From: Haozhong Zhang <haozhong.zhang@intel.com>
To: Igor Mammedov <imammedo@redhat.com>
Cc: kwolf@redhat.com, Xiao Guangrong <guangrong.xiao@linux.intel.com>,
Eduardo Habkost <ehabkost@redhat.com>,
Peter Crosthwaite <crosthwaite.peter@gmail.com>,
qemu-devel@nongnu.org, mreitz@redhat.com,
Paolo Bonzini <pbonzini@redhat.com>,
Richard Henderson <rth@twiddle.net>
Subject: Re: [Qemu-devel] [PATCH] hostmem-file: add a property 'notrunc' to avoid data corruption
Date: Fri, 21 Oct 2016 19:25:29 +0800 [thread overview]
Message-ID: <20161021112529.zm6ymdj6hnugvhtu@hz-desktop> (raw)
In-Reply-To: <20161021130700.7beff8d3@nial.brq.redhat.com>
On 10/21/16 13:07 +0200, Igor Mammedov wrote:
>On Fri, 21 Oct 2016 15:22:10 +0800
>Haozhong Zhang <haozhong.zhang@intel.com> wrote:
>
>> On 10/20/16 17:35 +0200, Igor Mammedov wrote:
>> >On Thu, 20 Oct 2016 12:47:34 -0200
>> >Eduardo Habkost <ehabkost@redhat.com> wrote:
>> >
>> >> On Thu, Oct 20, 2016 at 04:15:21PM +0200, Igor Mammedov wrote:
>> >> > On Thu, 20 Oct 2016 11:56:10 -0200
>> >> > Eduardo Habkost <ehabkost@redhat.com> wrote:
>> >> >
>> >> > > On Thu, Oct 20, 2016 at 03:42:15PM +0200, Igor Mammedov wrote:
>> >> > > > On Thu, 20 Oct 2016 21:11:38 +0800
>> >> > > > Haozhong Zhang <haozhong.zhang@intel.com> wrote:
>> >> > > >
>> >> > > > > On 10/20/16 14:34 +0200, Igor Mammedov wrote:
>> >> > > > > >On Thu, 20 Oct 2016 14:13:01 +0800
>> >> > > > > >Haozhong Zhang <haozhong.zhang@intel.com> wrote:
>> >> > > > > >
>> >> > > > > >> If a file is used as the backend of memory-backend-file and its size is
>> >> > > > > >> not identical to the property 'size', the file will be truncated. For a
>> >> > > > > >> file used as the backend of vNVDIMM, its data is expected to be
>> >> > > > > >> persistent and the truncation may corrupt the existing data.
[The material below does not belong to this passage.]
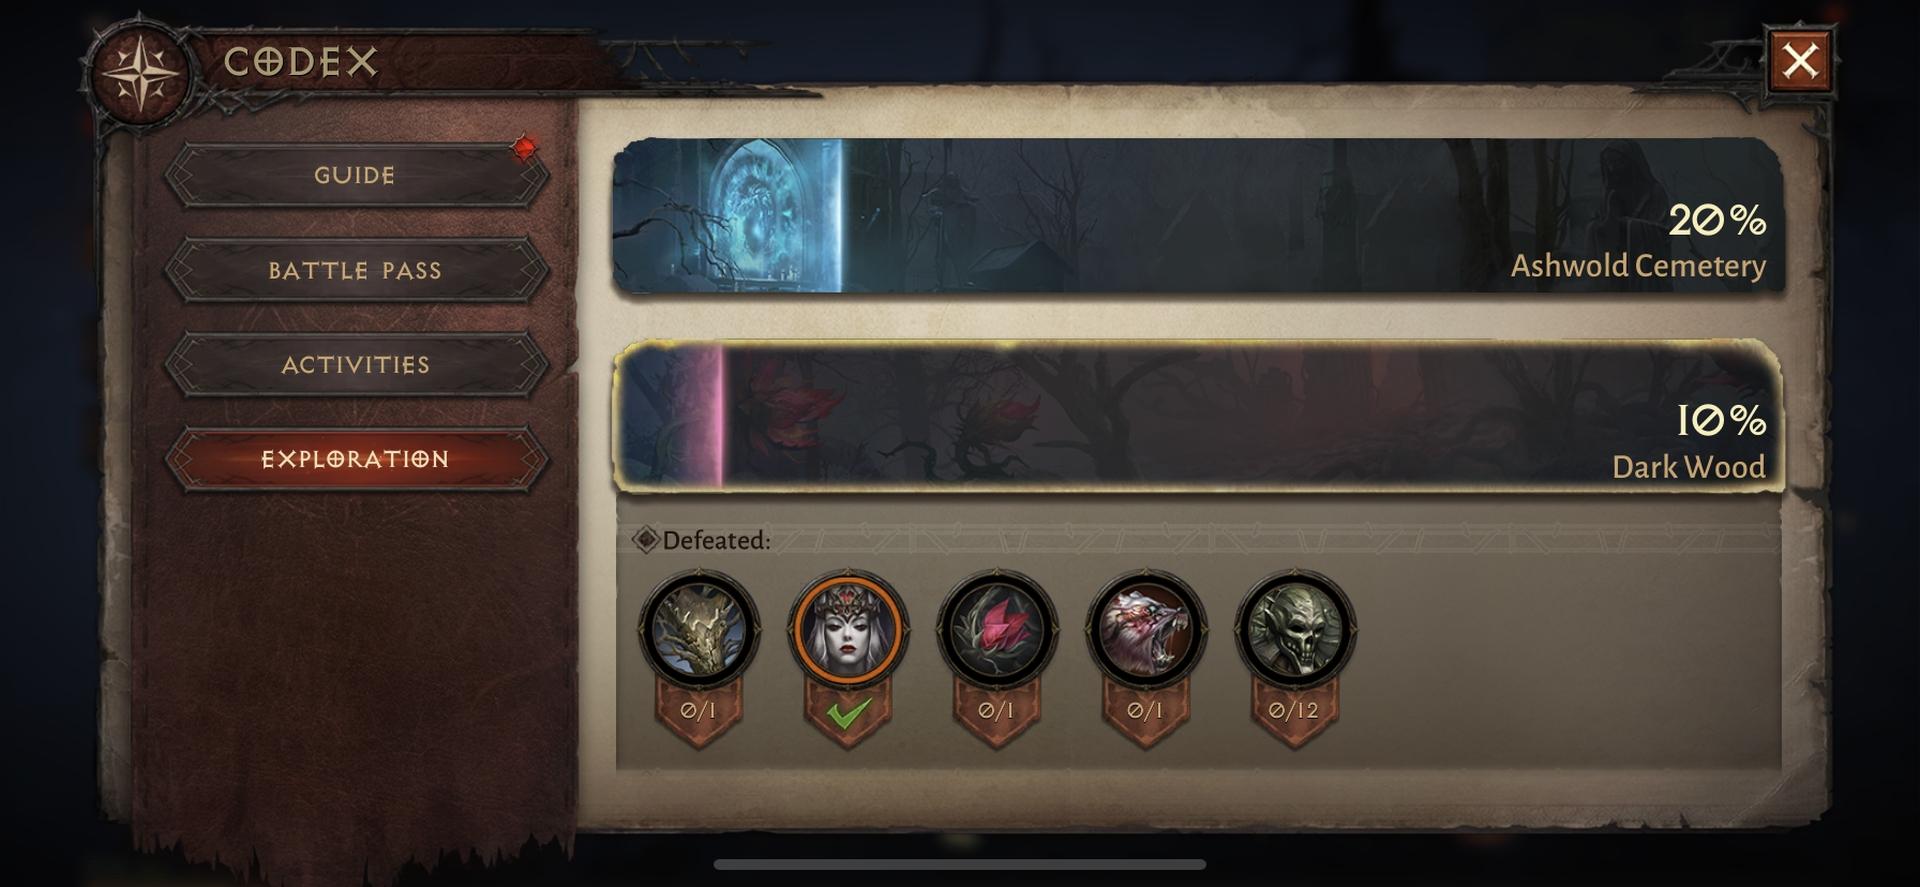 CODEX Diablo Immortal
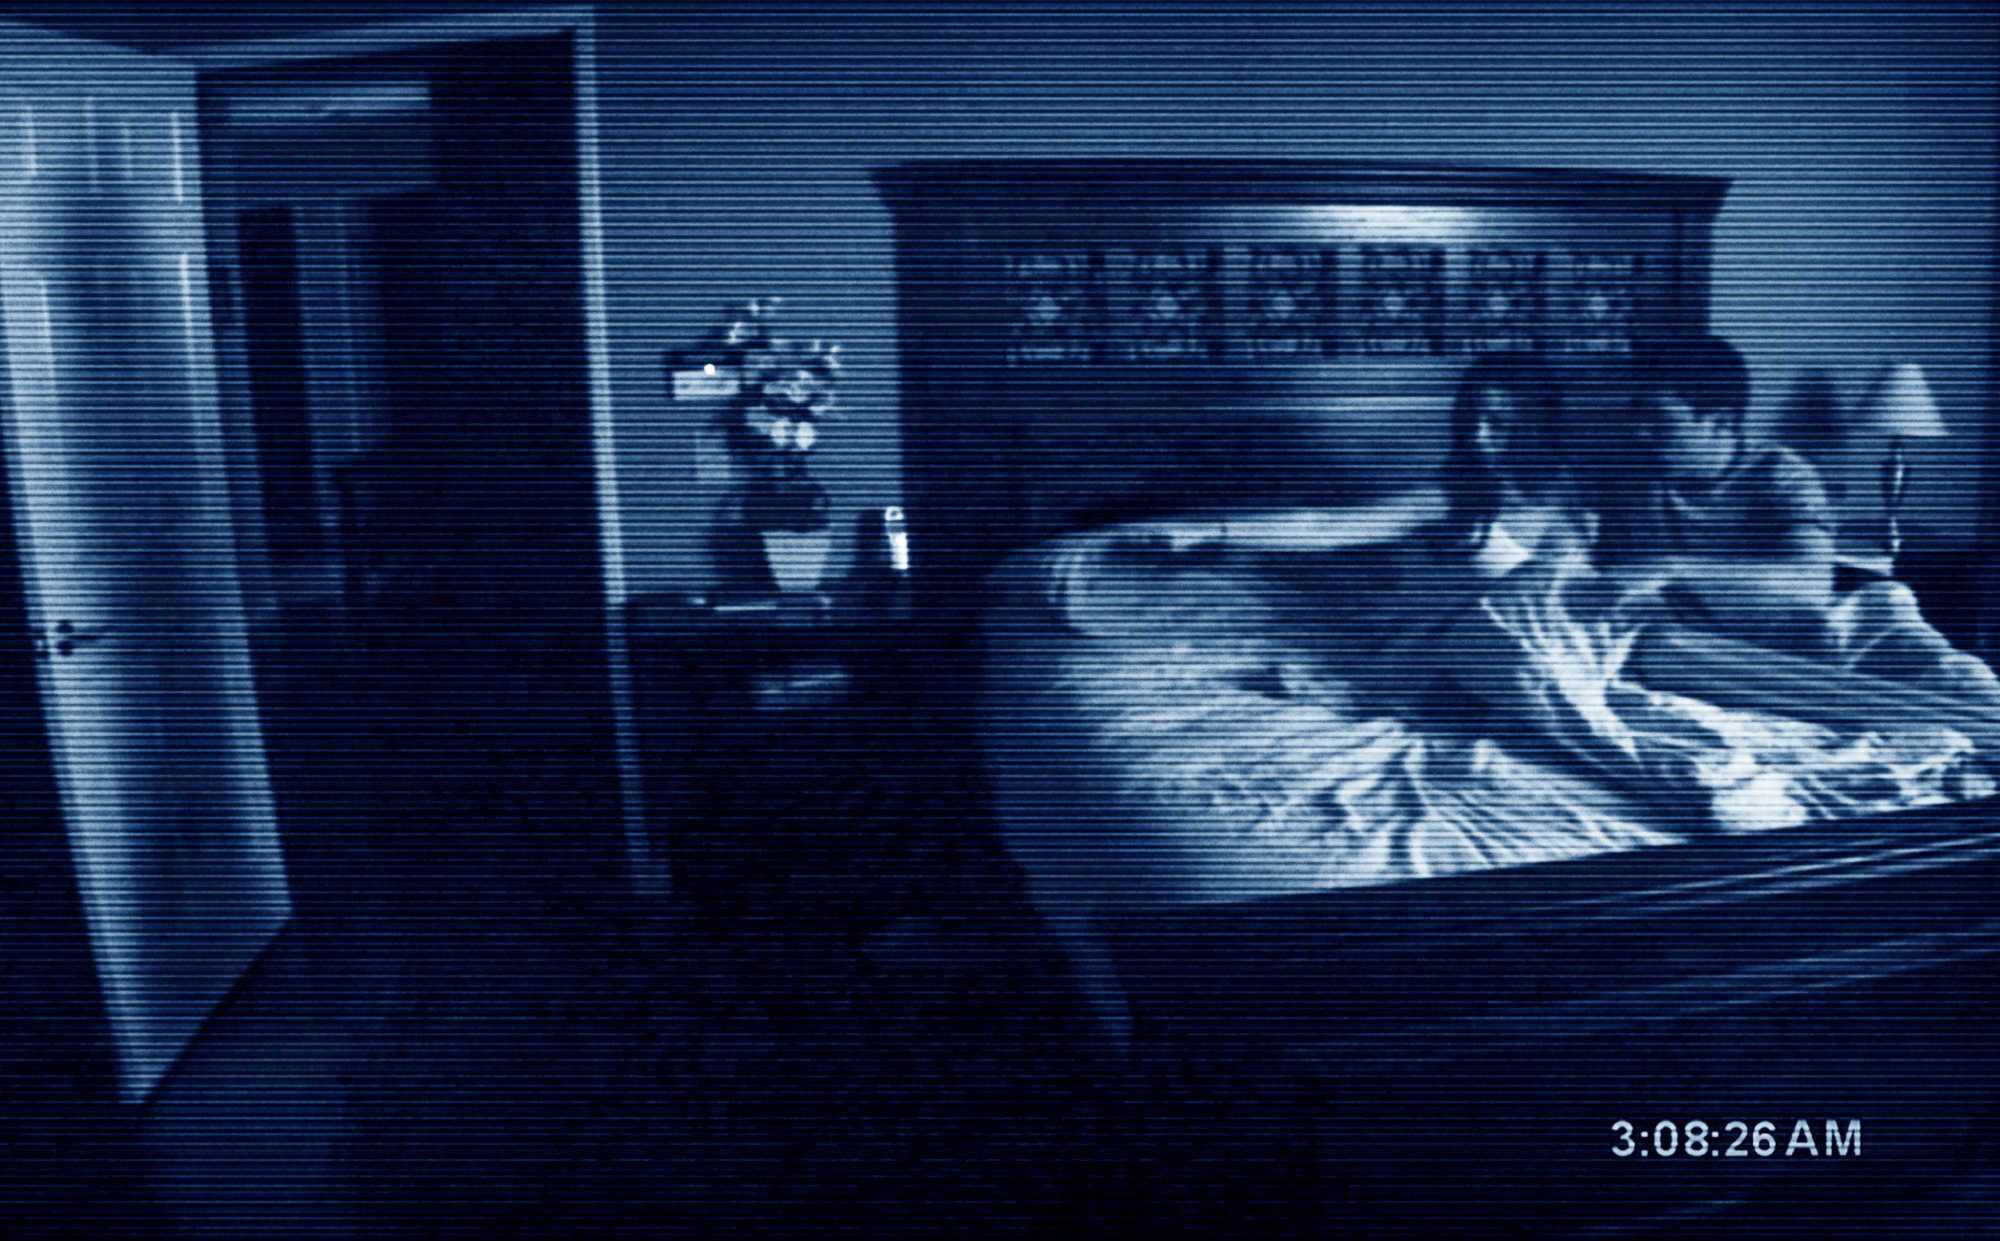 Atividade Paranormal gastou US $ 15 mil em produção e arrecadou US $ 210 milhões

>> >> > > > > >I wonder if it's possible just skip 'size' property in your case instead
>> >> > > > > >'notrunc' property. That way if size is not present one'd get actual size
>> >> > > > > >using get_file_size() and set 'size' to it?
>> >> > > > > >And if 'size' is provided and 'size' != file_size then error out.
>> >> > > > > >
>> >> > > > >
>> >> > > > > I don't know how this can be implemented in QEMU. Specially, how does
>> >> > > > > the memory-backend-file know it's used for vNVDIMM, so that it can
>> >> > > > > skip the 'size' property?
>> >> > > > Does memory-backend-file needs to know that it's used by NVDIMM?
>> >> > > > Looking at nvdimm_realize it doesn't as it's assumes
>> >> > > > hostemem_size == pmem_size + label_size
>> >> > > >
>> >> > > > I'd make hostmem_file.size optional and take size from file
>> >> > > > and if 'size' is specified explictly require it to mach file size.
>> >> > > > It's generic and has nothing to do with nvdimm.
>> >> > >
>> >> > > We can take size from file, or take size from the
>> >> > > host_memory_backend_get_memory() callers.
>> >> > >
>> >> > > Enumerating all sizes that QEMU can use as input:
>> >> > >
>> >> > > A) Backend file size
>> >> > > B) memory backend "size" option
>> >> > > C) frontend-provided size (-numa size, -m, or pc-dimm "size"
>> >> > > property)
>> >> > -numa size affect only anon memory not backend backed one, for
>> >> > backend baked memory we use memdev where size comes from backend
>> >> >
>> >> > pc-dimm.size is readonly and isn't supposed to influence backend.size
>> >> >
>> >> > I'd drop C option
>> >>
>> >> If C is not present, it should be, as it affects the guest ABI
>> >> (and the ABI must never depend on the host you are running or
>> >> backend configuration, only on the frontend configuration).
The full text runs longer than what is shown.